А самая древняя, бабушка Соня, сказала так:
– Ты не можешь отказаться от своей вины, когда бы ты ни совершил грех, он всегда будет с тобой, и ты его на горбу потащишь в могилу.
– Но ведь Господь может простить, – сказал Петр Яковлевич, – Господь милостив, – сказал следователь.
– Господь, может, и захочет простить, а вот мы не простим, – сказала бабушка Муся, которая помнила все особенно въедливо. – И почему это я должна прощать, если кто сделал гадость!
– Потому что он раскаялся и замолил, – сказал Петр Яковлевич.
– Нельзя ничего замолить, – сказала Муся, – все люди навсегда пребывают связанными воедино, и те, кого ты предал, повиснут у тебя на шее навсегда и утянут на дно. И богатство, что ты украл, оттянет карманы, и провалишься в бездну, где плач и скрежет зубовный. Ничего ты не отмолишь, ничего.
– Неужели совсем ничего нельзя забыть? – спросил следователь.
– Если забудешь, ты потеряешь свою историю и станешь травой.
Петр Яковлевич сидит на кухне перед чистым листом и рисует схемы. Он занят расследованием. Надо решить уравнение; следователь хочет понять, кто виноват в преступлении, перебирает варианты.
Решение рядом, он знает; надо верно расставить факты, иначе ошибешься.
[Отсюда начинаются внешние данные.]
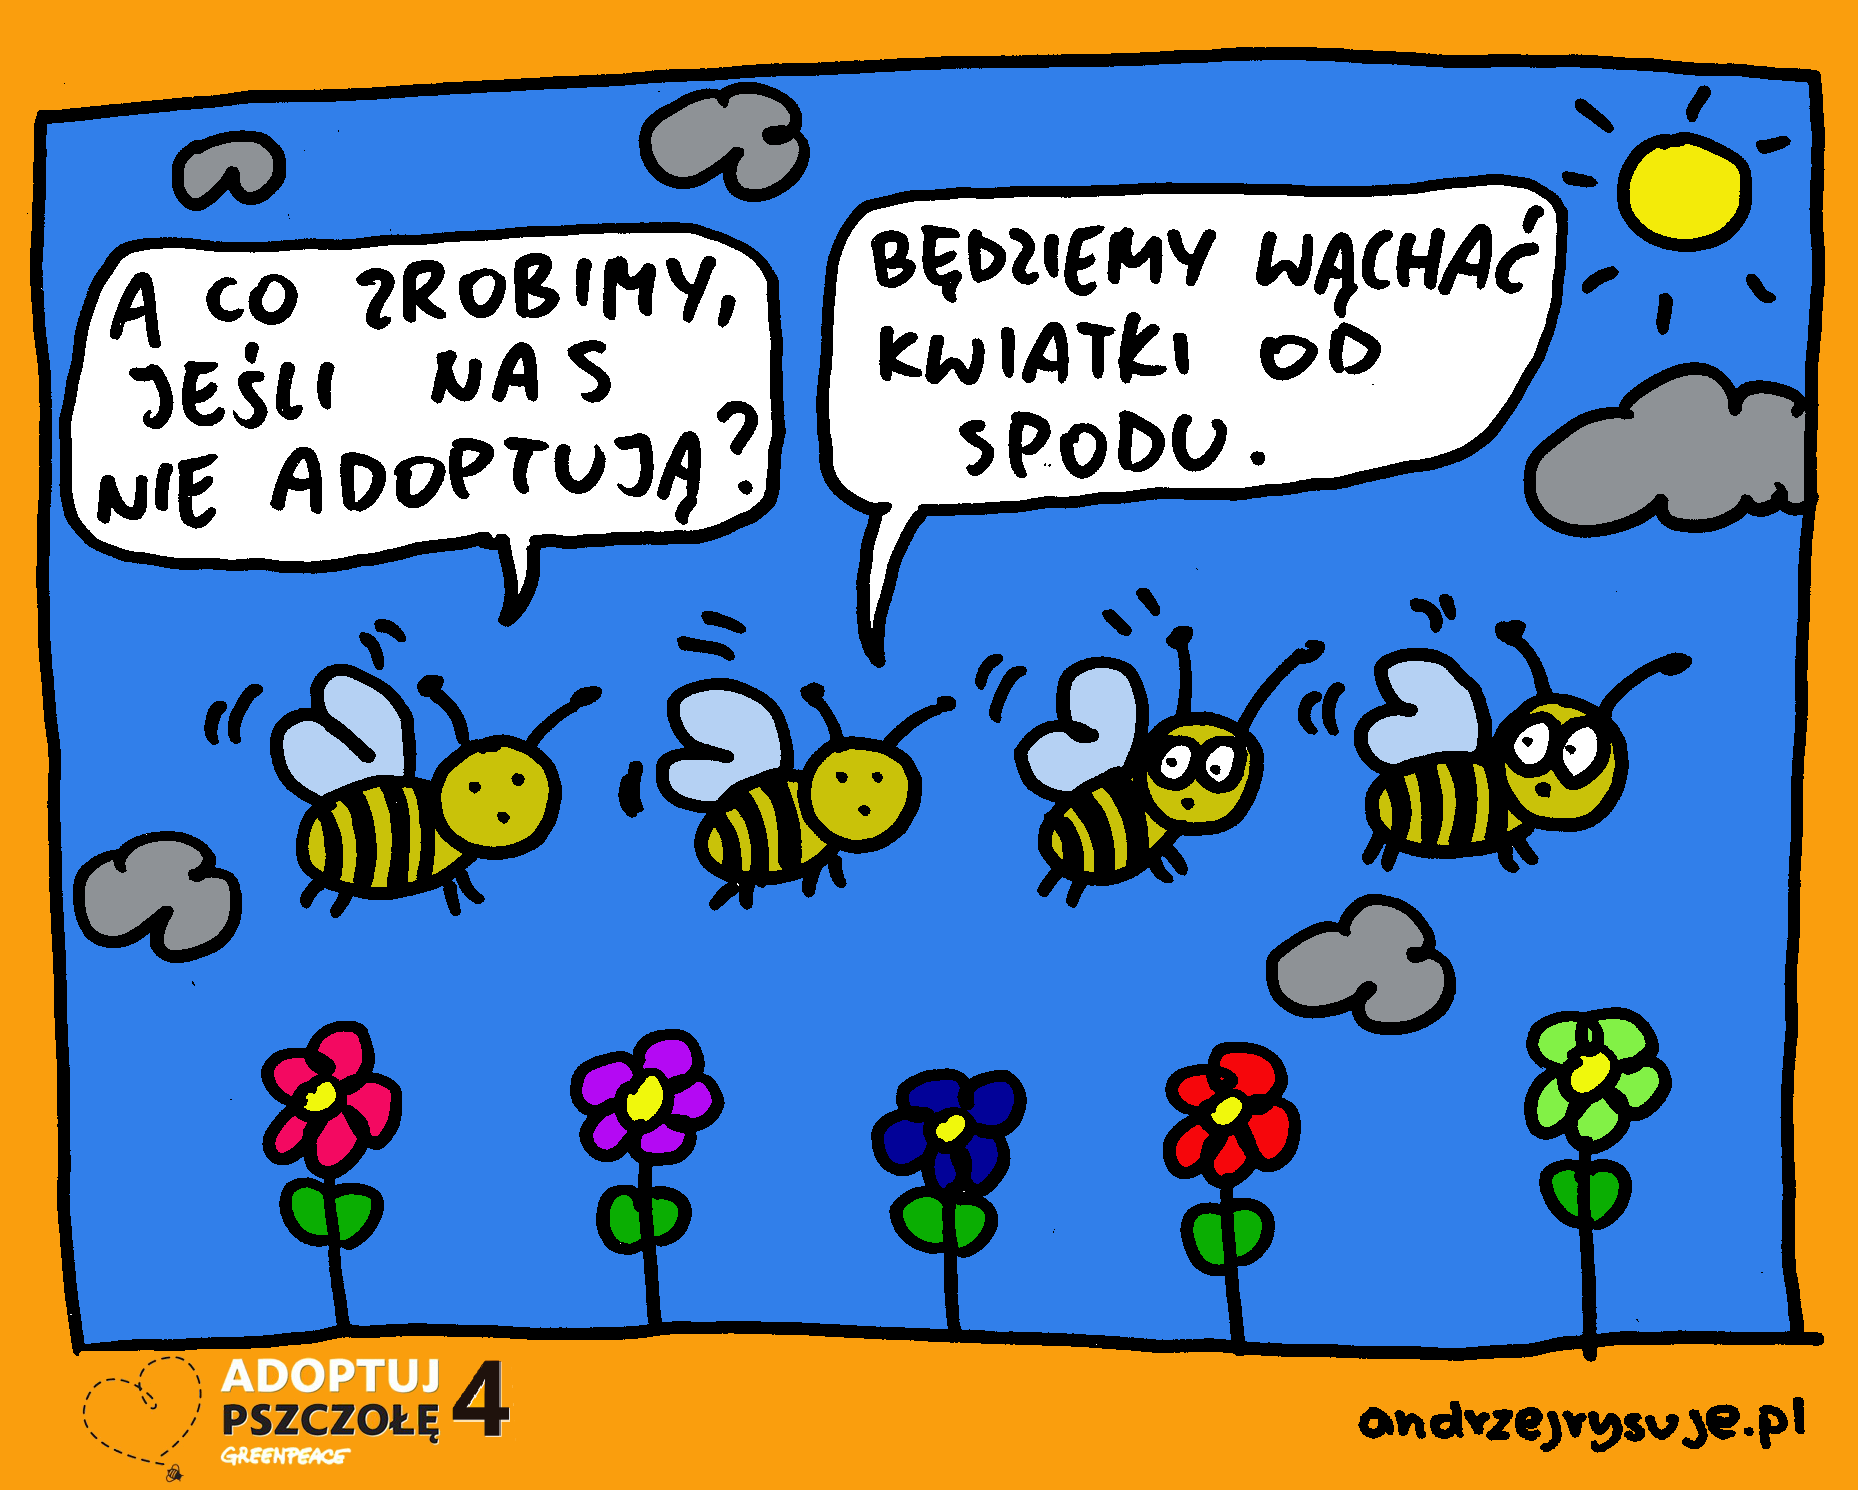 adoptuj-3

Следствие – как история. Сколько раз в истории ошибались! Гонят солдат на край света воевать, а потом оказывается, воевать не стоило. Вот Гегель выстроил линеарную модель истории – и ошибся, забыл про Китай; философ истории написал, что Китай уснул навсегда. А Китай вдруг проснулся. Может быть, все драмы Запада от нелепой ошибки следователя Гегеля? Понадеялись, растратили силы на марш и барабанный бой – а теперь Восток хочет первенства. Или надо учесть данные, добытые следователем Хайдеггером? Но как учесть онтологию бытия – ведь следствие занимается феноменом бытия и разрушением каждого конкретного феномена.
– Про Хайдеггера, – говорит бабушка Соня, – Ракитов с полицаем Пигановым спорили. Во Ржеве у них дискуссия состоялась по поводу онтологизации категорий. Ракитов говорил, что бытие следует различать на битие-по-морде, битие-по-почкам и битие-до-без-сознания. И последнюю стадию бытия осмыслить труднее всего, хотя она является наиболее онтологической из всех.
– А Пиганов возражал, он утверждал, что битие-по-почкам-до-без-сознания-и-вопреки-сознанию-того-кто-дубасит и есть наиболее полная степень самопостигаемости совести.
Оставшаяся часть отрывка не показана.